Set down, unchanged, the line holding "Regent Kinder Quarz-Uhr" and all lines that follow it to the end of the material, leaving pictures out.

→ Information provided:
- - - - - - -

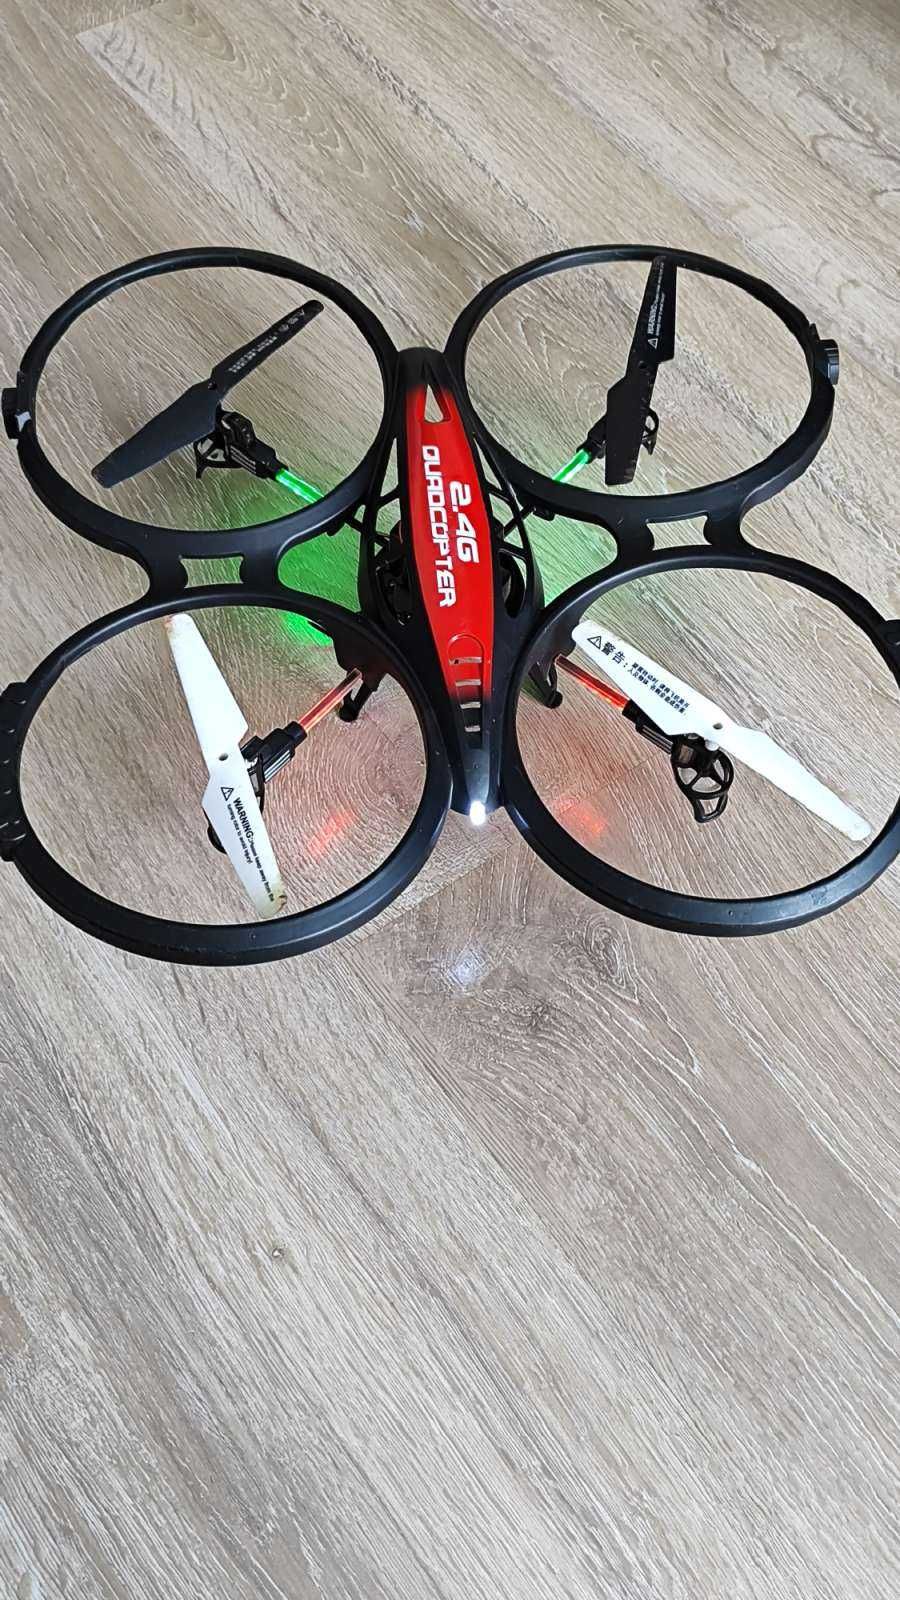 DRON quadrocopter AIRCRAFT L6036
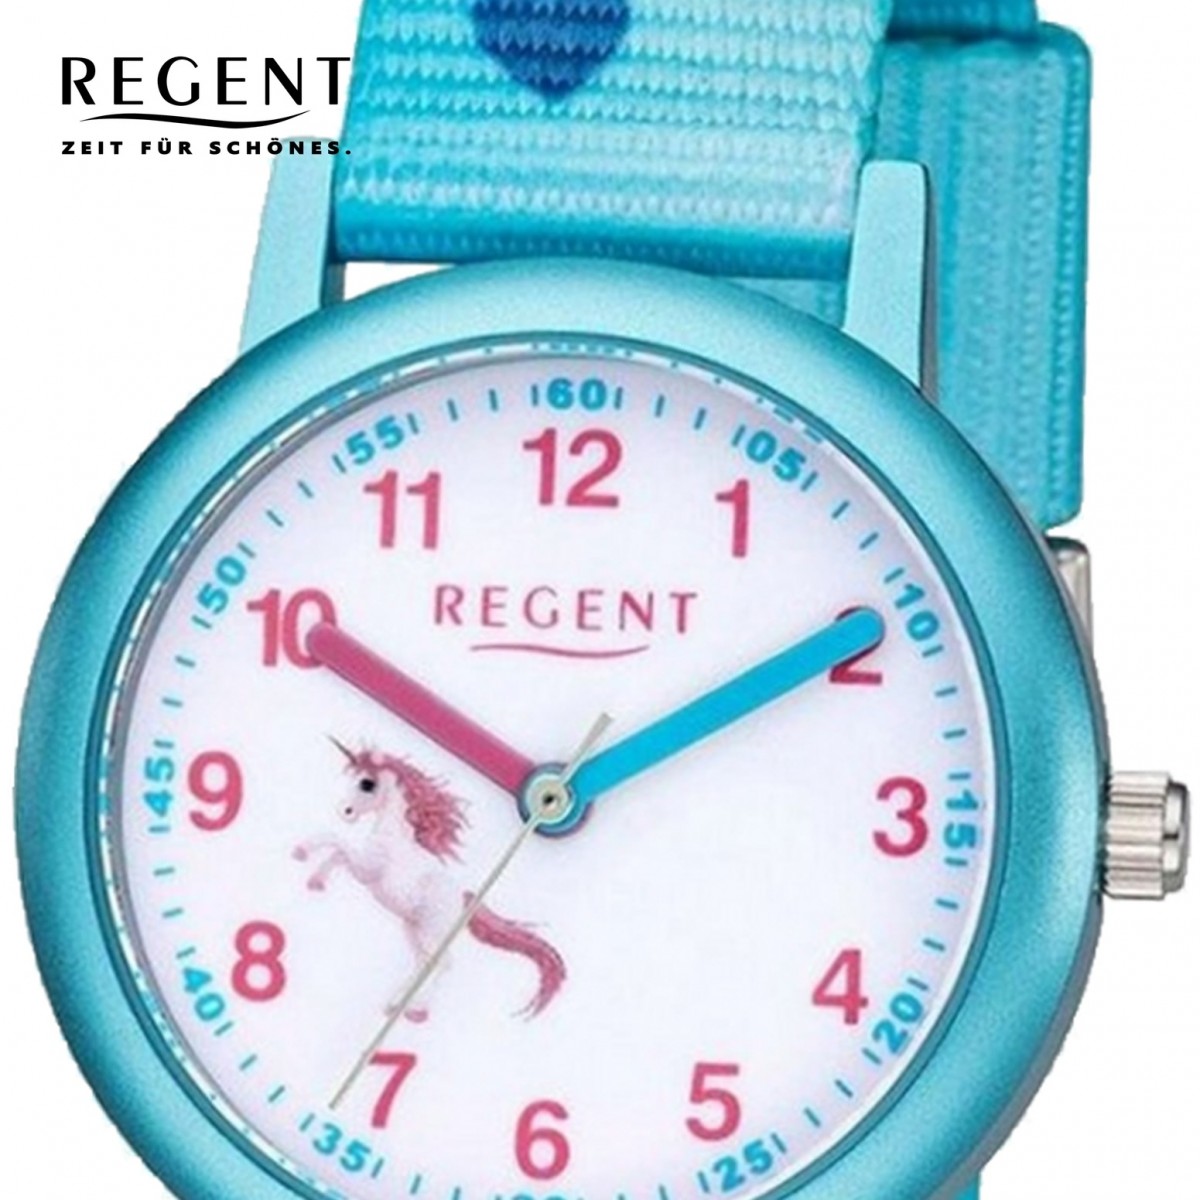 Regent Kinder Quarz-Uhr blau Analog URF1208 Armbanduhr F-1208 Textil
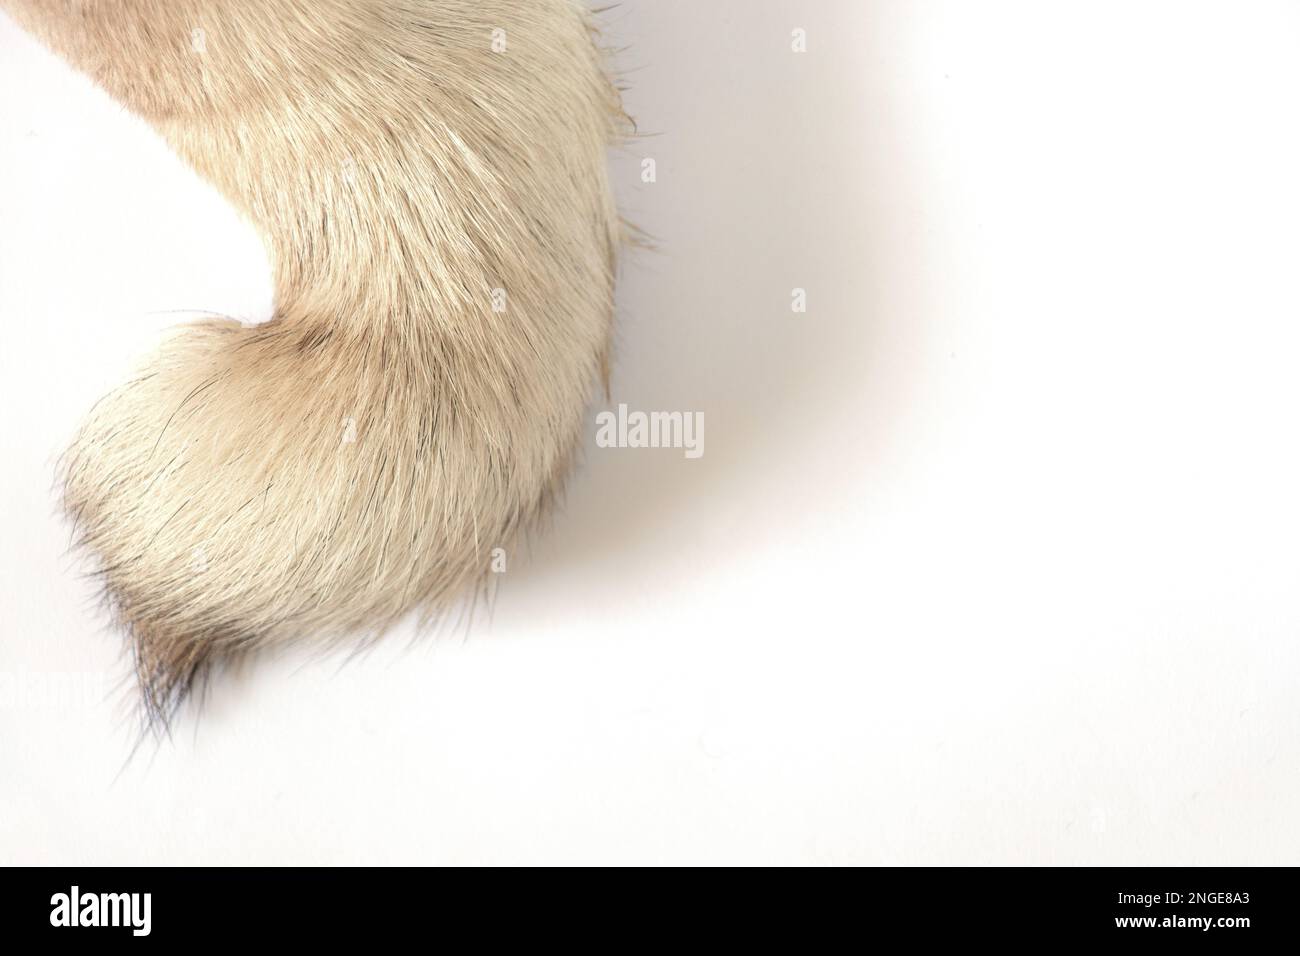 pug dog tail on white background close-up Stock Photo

- - - - - - -

→ Reply to the exercise:
 Regent Kinder Quarz-Uhr blau Analog URF1208 Armbanduhr F-1208 Textil
 pug dog tail on white background close-up Stock Photo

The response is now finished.